The benchmarks that I’ve done have all been on my notebook using the localhost network, which is not the most realistic of environments, but it still does tell us a lot about the raw performance of the cometd/jetty. Specifically:
- Both the server and the client are running on the same machine, so they are effectively sharing the 8 CPUs available. The client typically takes 3x more CPU than the server (for the same load), so this is kind of like running the server on a dual core and the client on a 6 core machine.
- The local network has very high throughput which would only be matched by gigabit networks. It also has practically no latency, which is unlike any real network. The long polling transport is more dependent on good network latency than the websocket transport, so the true comparison between these transports will need testing on a real network.
The Test

The cometd load test is a simulated chat application. For this test I tried long-polling and websocket transports for 100, 1000 and 10,000 clients that were each logged into 10 randomly selected chat rooms from a total of 100 rooms. The messages sent were all 50 characters long and were published in batches of 10 messages at once, each to randomly selected rooms. There was a pause between batches that was adjusted to find a good throughput that didn’t have bad latency. However little effort was put into finding the optimal settings to maximise throughput.

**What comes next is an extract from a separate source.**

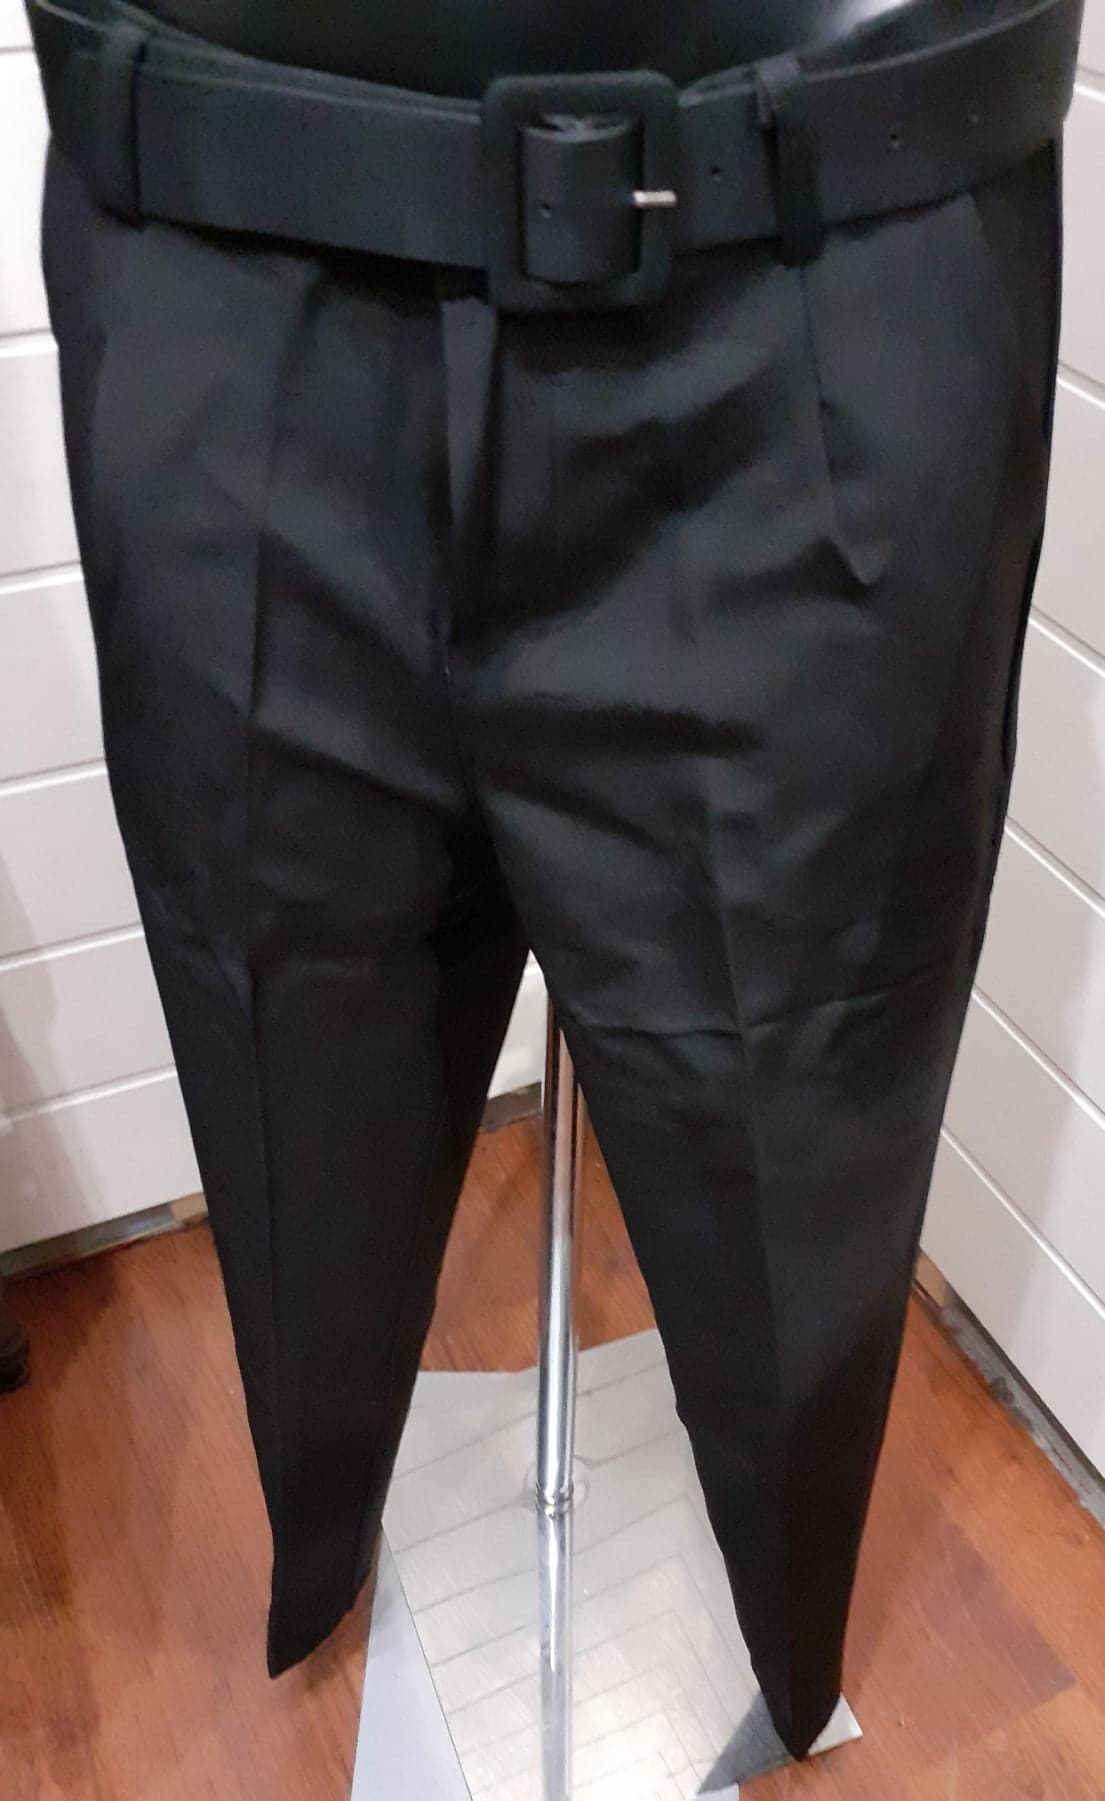 pantalon noir classic - pan-noi-cla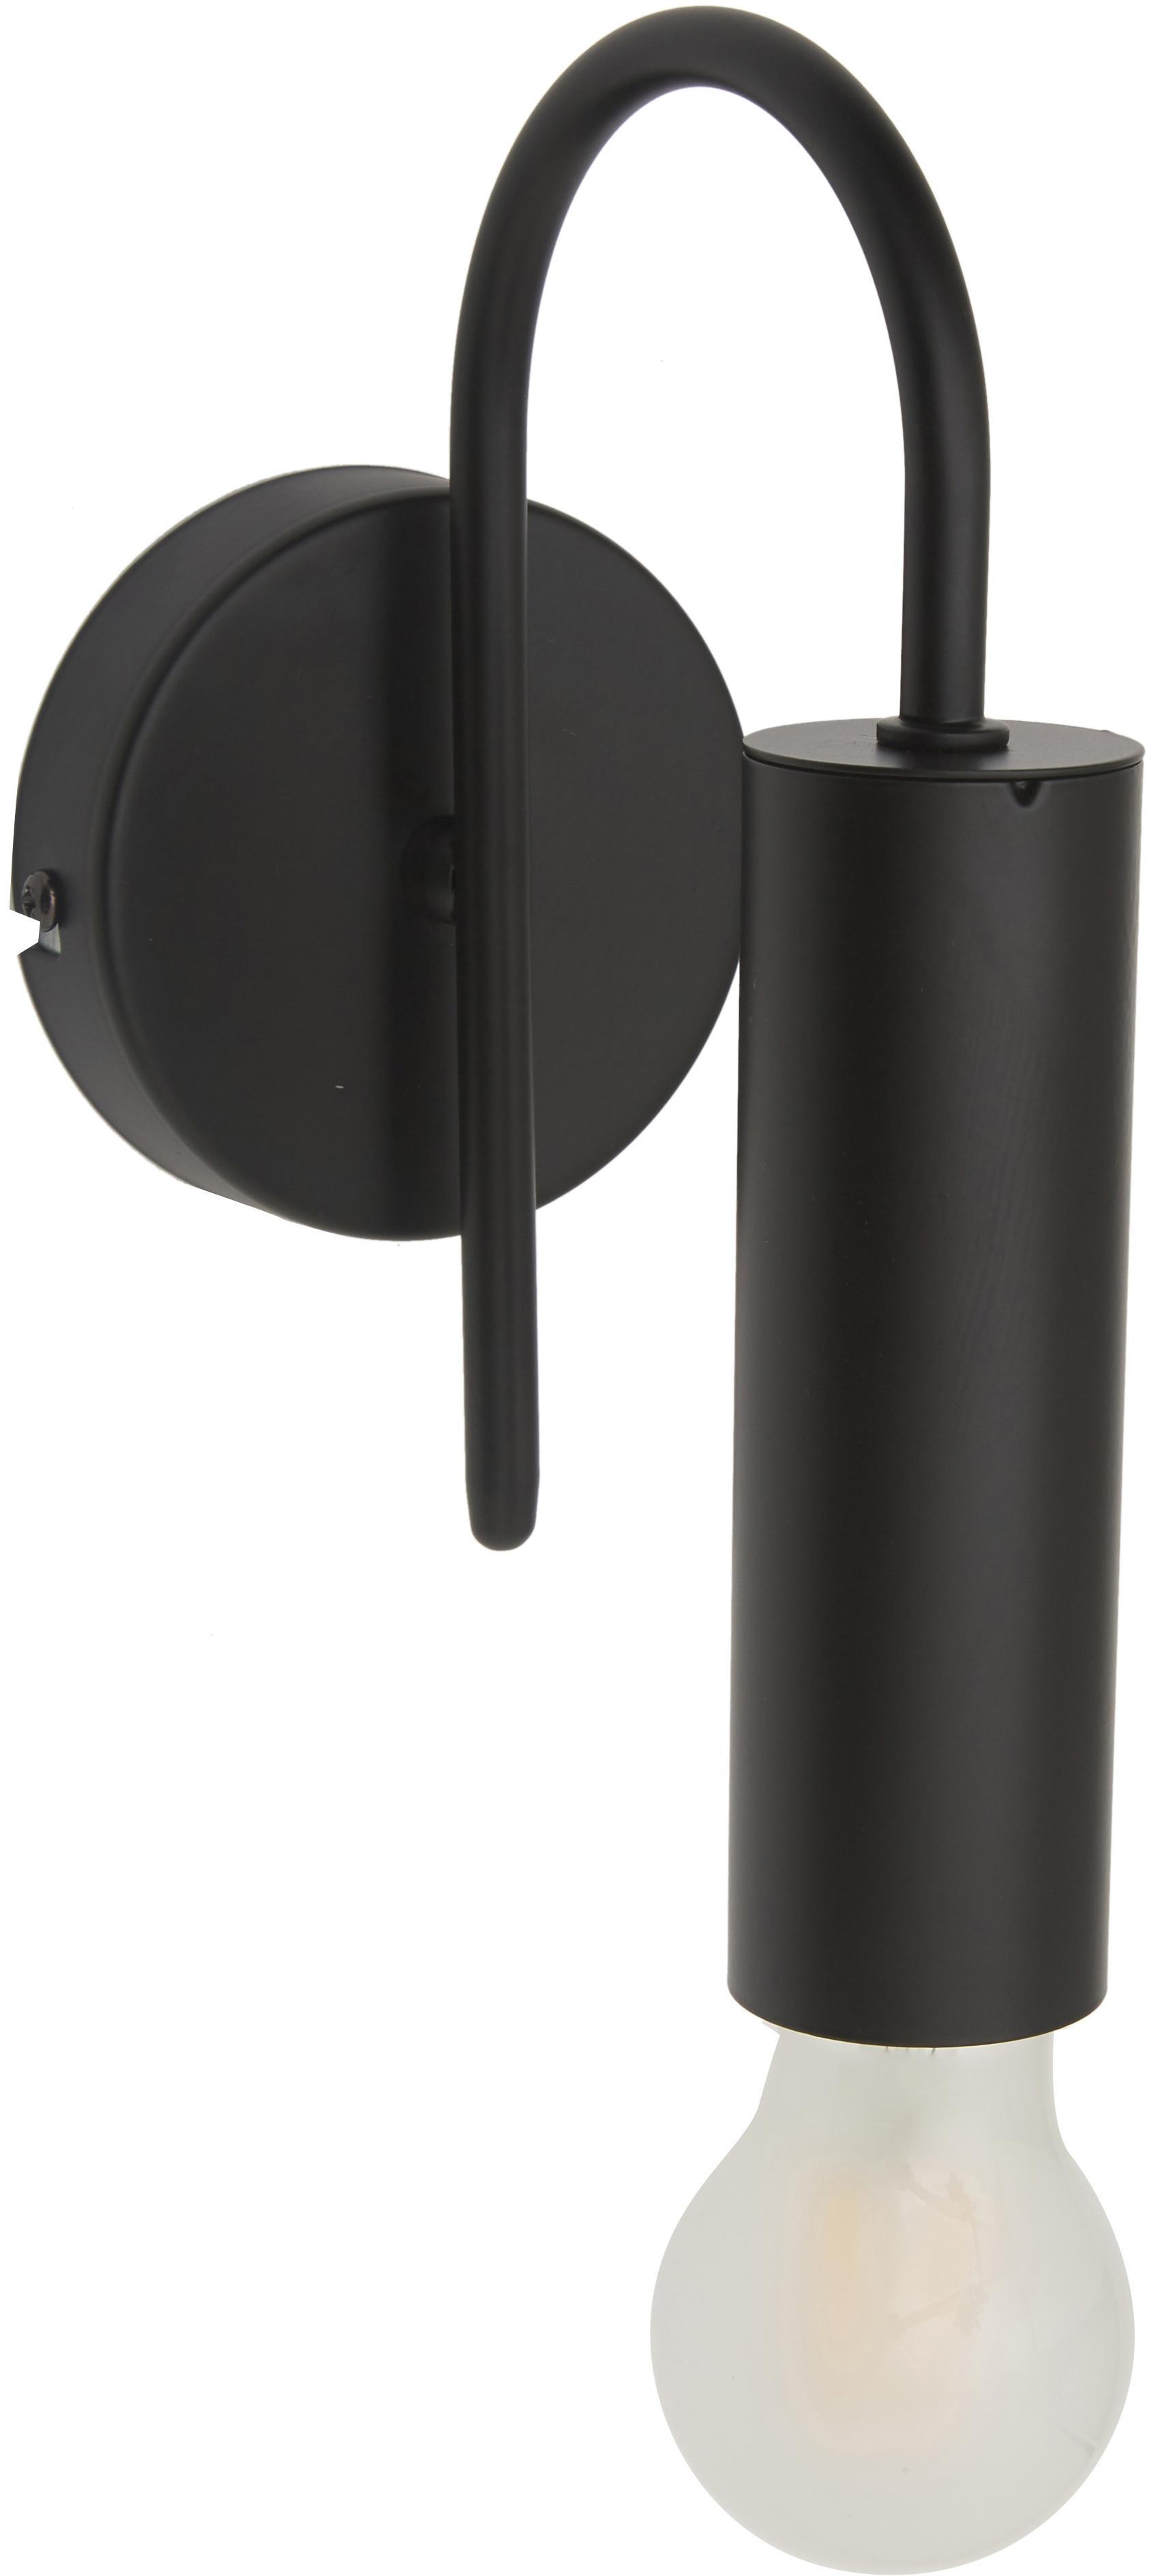 Wandleuchte Loppe, Metall, lackiert, Schwarz, 10 x 21 cm

The runs were all done on JVM’s that had been warmed up, but the runs were moderately short (approx 30s), so steady state was not guaranteed and the margin of error on these numbers will be pretty high. However, I also did a long run test at one setting just to make sure that steady state can be achieved.

The Results

The bubble chart above plots messages per second against number of clients for both long-polling and websocket transports. The size of the bubble is the maximal latency of the test, with the smallest bubble being 109ms and the largest is 646ms. Observations from the results are:
- Regardless of transport we achieved 100’s of 1000’s messages per second! These are great numbers and show that we can cycle the cometd infrastructure at high rates.
- The long-polling throughput is probably a over reported because there are many messages being queued into each HTTP response. The most HTTP responses I saw was 22,000 responses per second, so for many application it will be the HTTP rate that limits the throughput rather than the cometd rate. However the websocket throughput did not benefit from any such batching.
- The maximal latency for all websocket measurements was significantly better than long polling, with all websocket messages being delivered in < 200ms and the average was < 1ms.
- The websocket throughput increased with connections, which probably indicates that at low numbers of connections we were not generating a maximal load.
A Long Run

The throughput tests above need to be redone on a real network and longer runs. However I did do one long run ( 3 hours) of 1,000,013,657 messages at 93,856/sec. T results suggest no immediate problems with long runs. Neither the client nor the server needed to do a old generation collection and all young generation collections took on average only 12ms.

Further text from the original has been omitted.